WuXi Biologics' MFG8 Facility Receives FDA Approval for Autoimmune Therapy Production
WuXi Biologics' MFG8 drug substance manufacturing facility in Hebei has successfully passed the U.S. Food and Drug Administration's (FDA) Pre-License Inspection (PLI). This approval supports the commercial manufacturing of a potential autoimmune therapy.

WuXi Biologics, a global Contract Research, Development and Manufacturing Organization (CRDMO), announced that its MFG8 drug substance manufacturing facility in Hebei has passed a Pre-License Inspection (PLI) by the U.S. Food and Drug Administration (FDA). The approval allows the facility to support the commercial manufacturing of a potential autoimmune therapy.
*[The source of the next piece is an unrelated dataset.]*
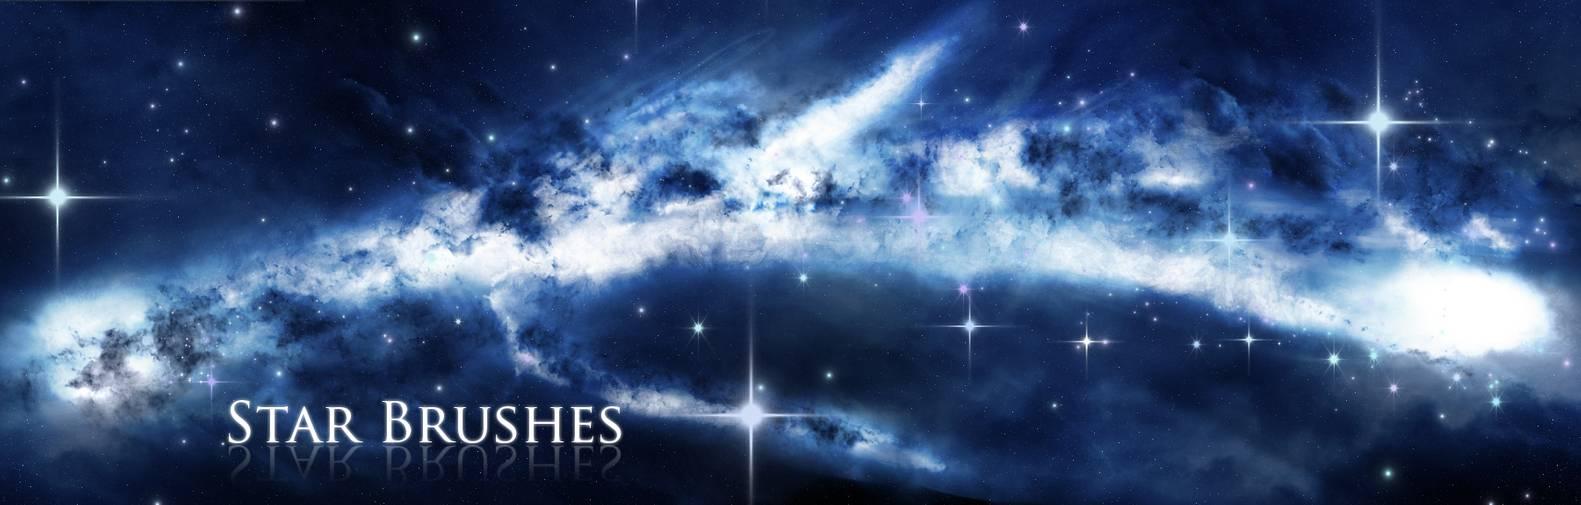 梦幻神秘的星空、浩瀚广袤的宇宙深空PS宇宙背景笔刷

The seven-day FDA inspection, conducted by three inspectors, focused on the facility's quality management system and drug substance manufacturing processes. Passing this inspection reinforces the company's regulatory compliance record and demonstrates its robust quality system and capacity for global commercial manufacturing.
MFG8 is a key component of WuXi Biologics' global manufacturing network. The facility houses twelve 4,000-liter single-use bioreactors and employs a "scale-out" strategy for flexible commercial production ranging from 4,000 to 20,000 liters. The site also incorporates sustainable construction practices and utilizes digital platforms and a rooftop photovoltaic system to reduce carbon emissions.
WuXi Biologics has a history of successfully undergoing regulatory inspections. The company has passed 22 inspections by the FDA and the European Medicines Agency (EMA) and operates 25 drug substance facilities and 18 drug product facilities worldwide. Previously, the company reported a 100% pass rate for FDA Pre-License Inspections.